11. Challenging our solution

Decision Tree

# Calling the required libraries
library(party)
## Loading required package: grid
## Loading required package: mvtnorm
## Loading required package: modeltools
## Loading required package: stats4
## Loading required package: strucchange
## Loading required package: zoo
## 
## Attaching package: 'zoo'
## The following objects are masked from 'package:base':
## 
##     as.Date, as.Date.numeric
## Loading required package: sandwich
## 
## Attaching package: 'strucchange'
## The following object is masked from 'package:stringr':
## 
##     boundary
library(rpart)
library(rpart.plot)
#
# Fitting the model
model3 <- rpart(Clicked.on.Ad ~ ., data = training, method = 'class')
#
# Plotting the decision tree
rpart.plot(model3, extra = 100)

# Model Evaluation
# Predicting our testing set
# 
Predict3 <- predict(model3,newdata = testing, type= "class" )

# Getting the confusion matrix to see accuracy value and other parameter values
#
confusionMatrix(Predict3, testing$Clicked.on.Ad)
## Confusion Matrix and Statistics
## 
##           Reference
## Prediction True False
##      True   141     4
##      False    9   146
##                                          
##                Accuracy : 0.9567         
##                  95% CI : (0.927, 0.9767)
##     No Information Rate : 0.5            
##     P-Value [Acc > NIR] : <2e-16         
##                                          
##                   Kappa : 0.9133         
##                                          
##  Mcnemar's Test P-Value : 0.2673         
##                                          
##             Sensitivity : 0.9400         
##             Specificity : 0.9733         
##          Pos Pred Value : 0.9724         
##          Neg Pred Value : 0.9419         
##              Prevalence : 0.5000         
##          Detection Rate : 0.4700         
##    Detection Prevalence : 0.4833         
##       Balanced Accuracy : 0.9567         
##                                          
##        'Positive' Class : True           
## 

The Decision tree model has an accuracy of 94.67%.

12. Conclusions

Model Conclusions: Naive Bayes has an accuracy of 95.67%, KNN has 69.335 and Decision Tree has 94.67%.

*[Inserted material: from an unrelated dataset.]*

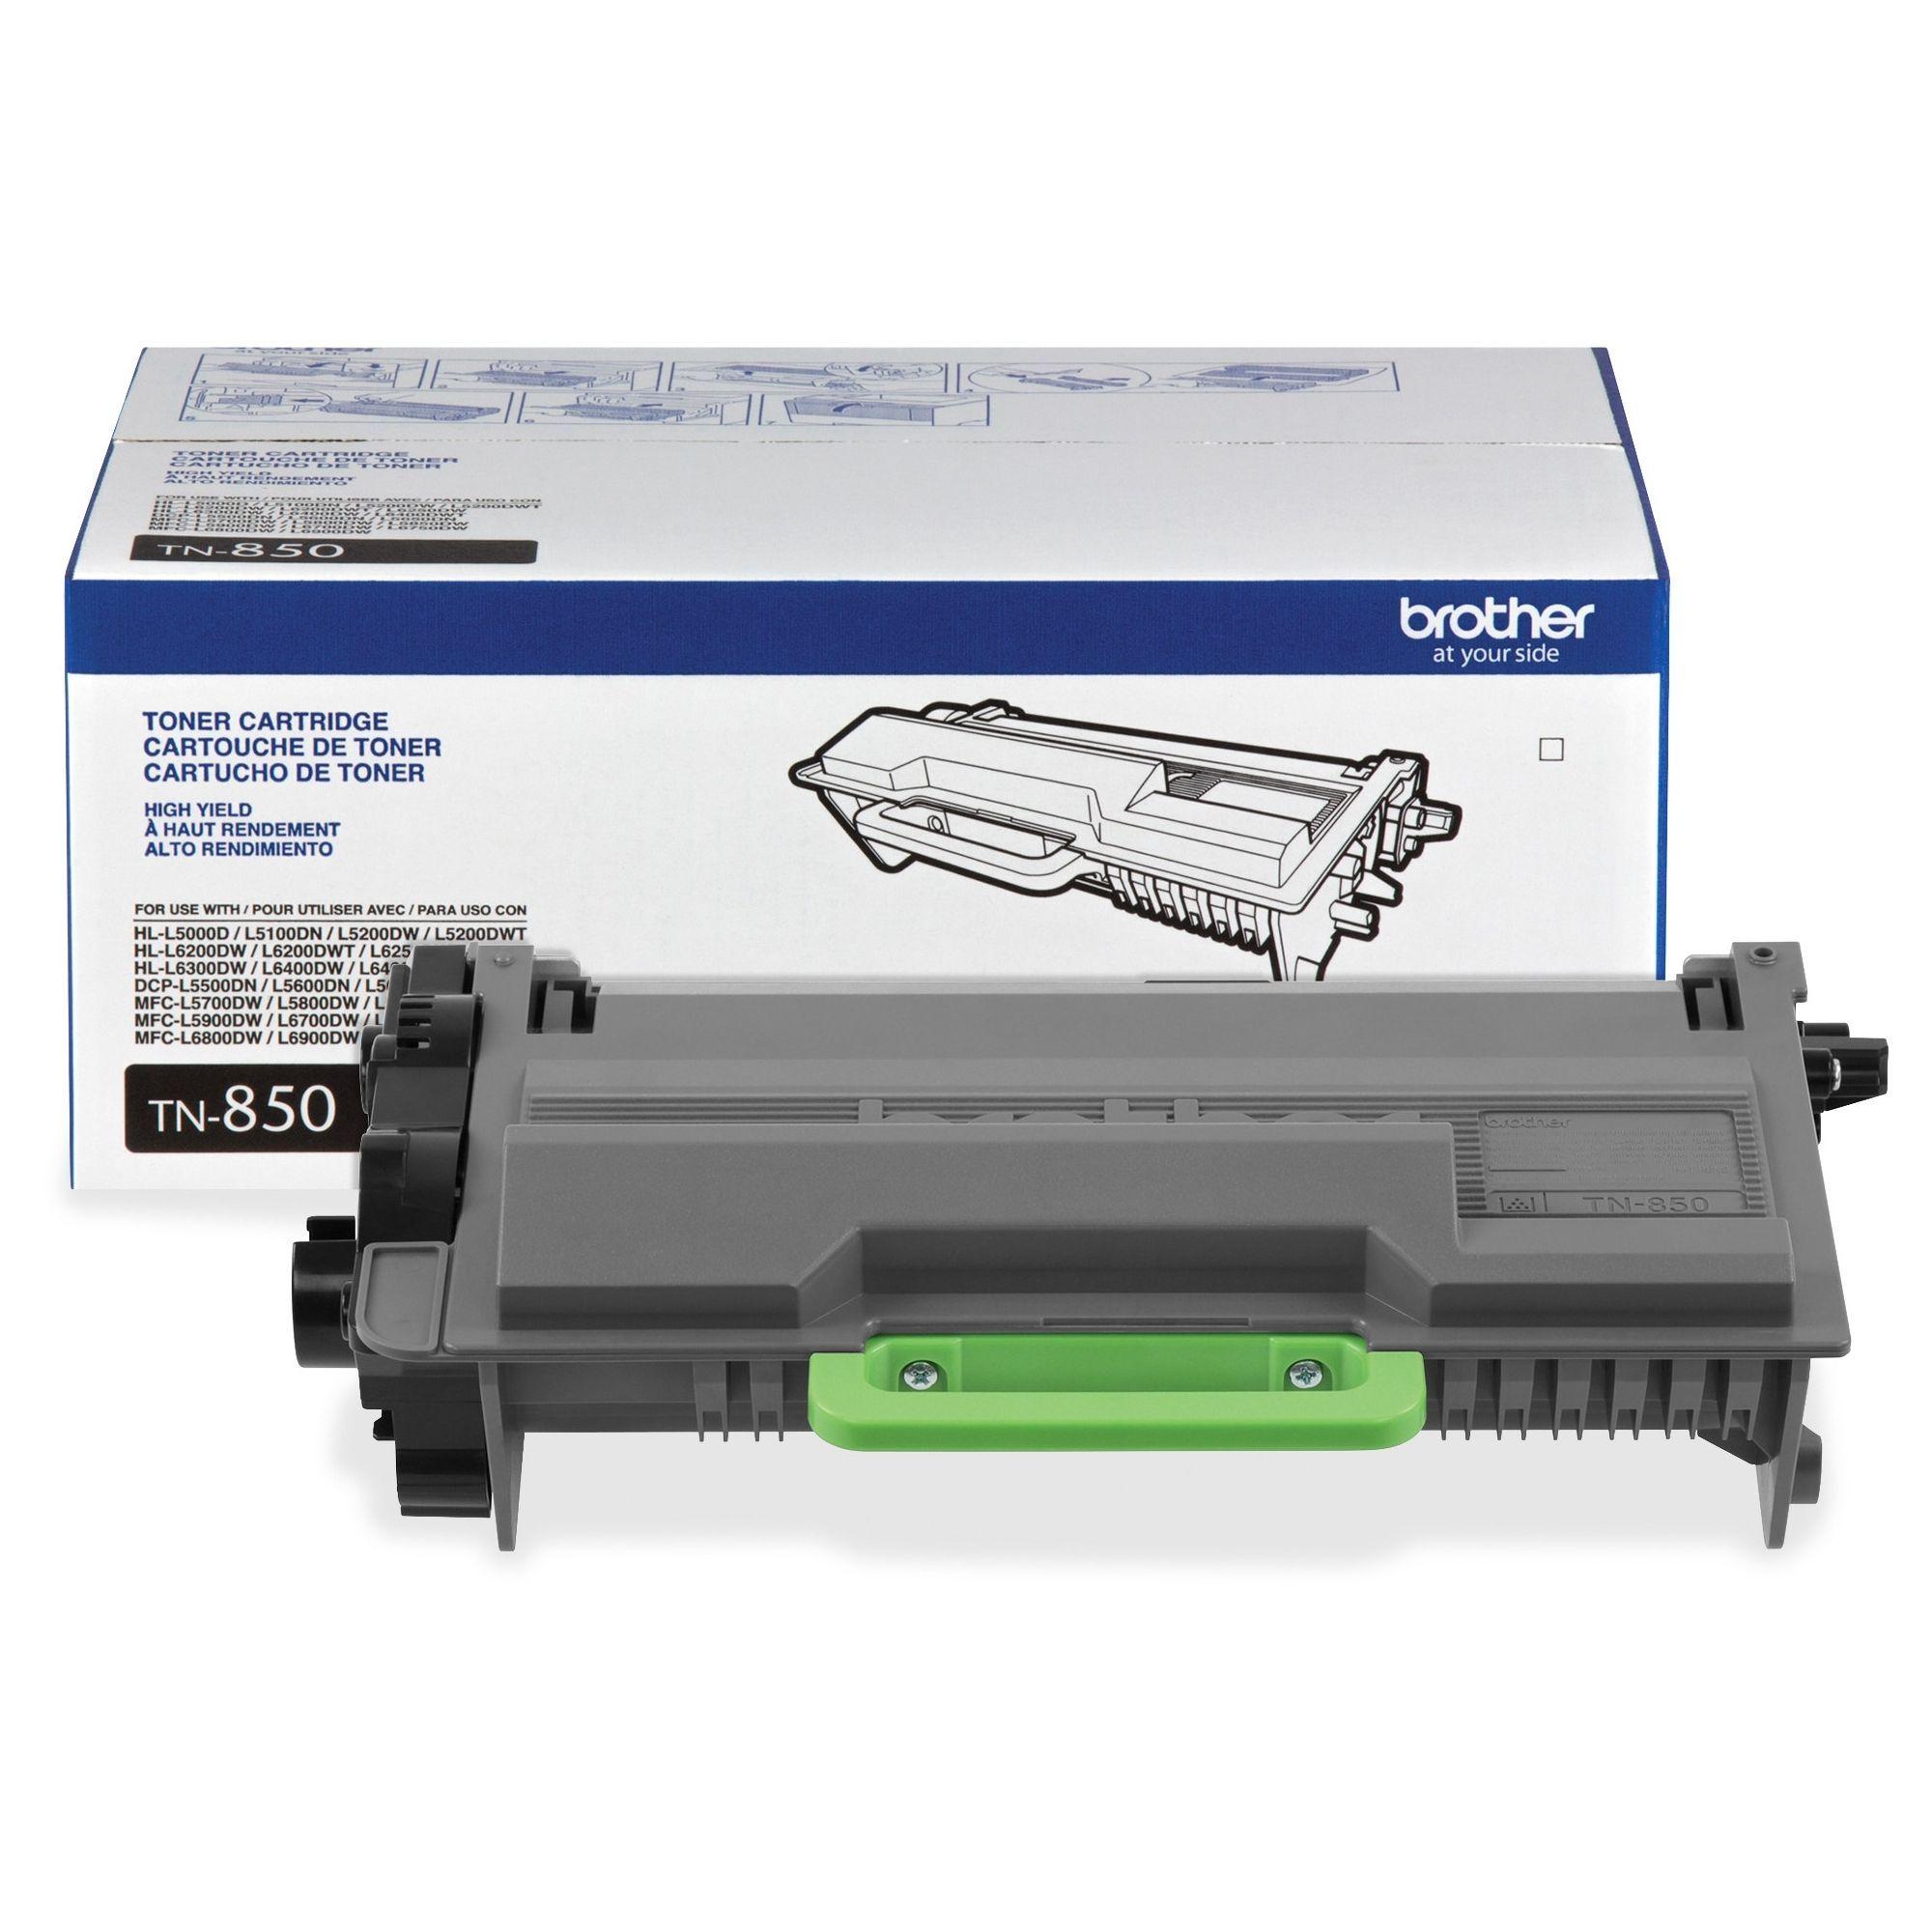 8000 Page Black Brother Tn850 Toner Cartridge Oem High Yield Laser
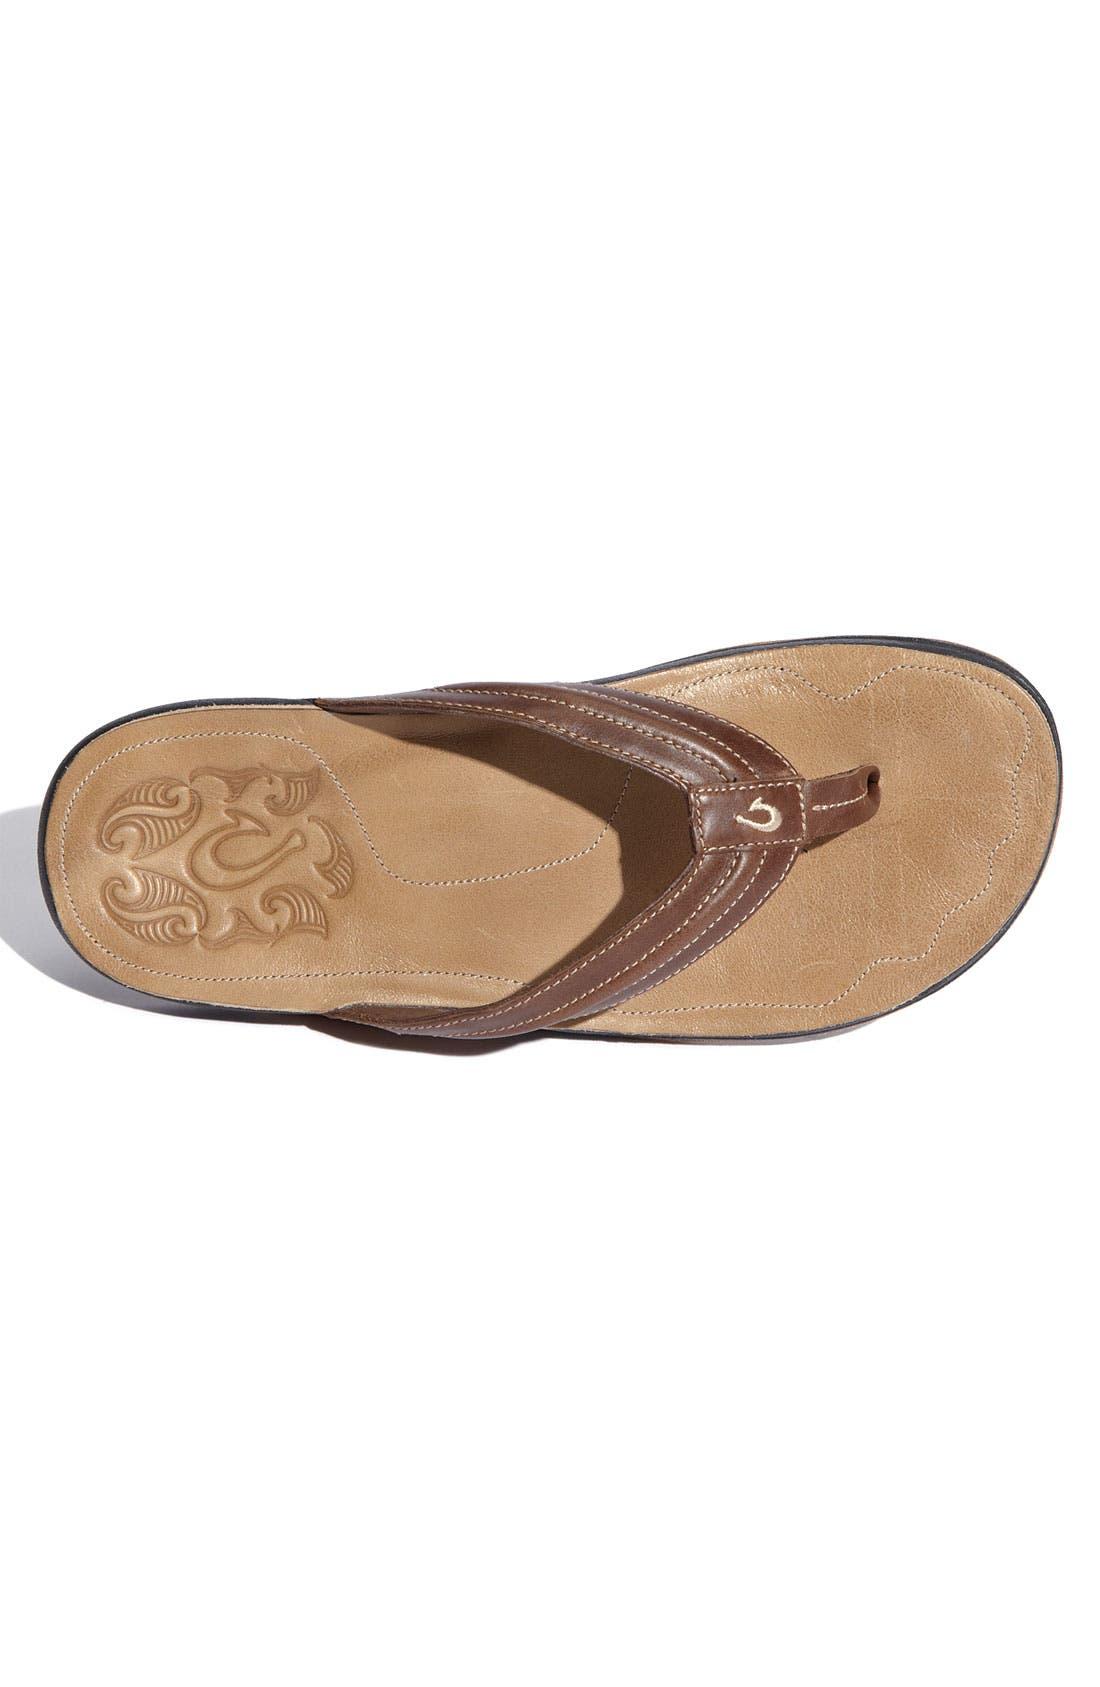 Alternate Image 3  - OluKai 'Moko' Flip Flop (Online Only)

#13. Recommendations 1. Target people from the lower income areas more. 2. Increase the amount of content on the site so as to increase the amount of time spent on the site by people. 3. Target the site on older people since age has a positive correlation with ad clicking. 4. Naive Bayes should be used when making predictions since it has the highest accuracy.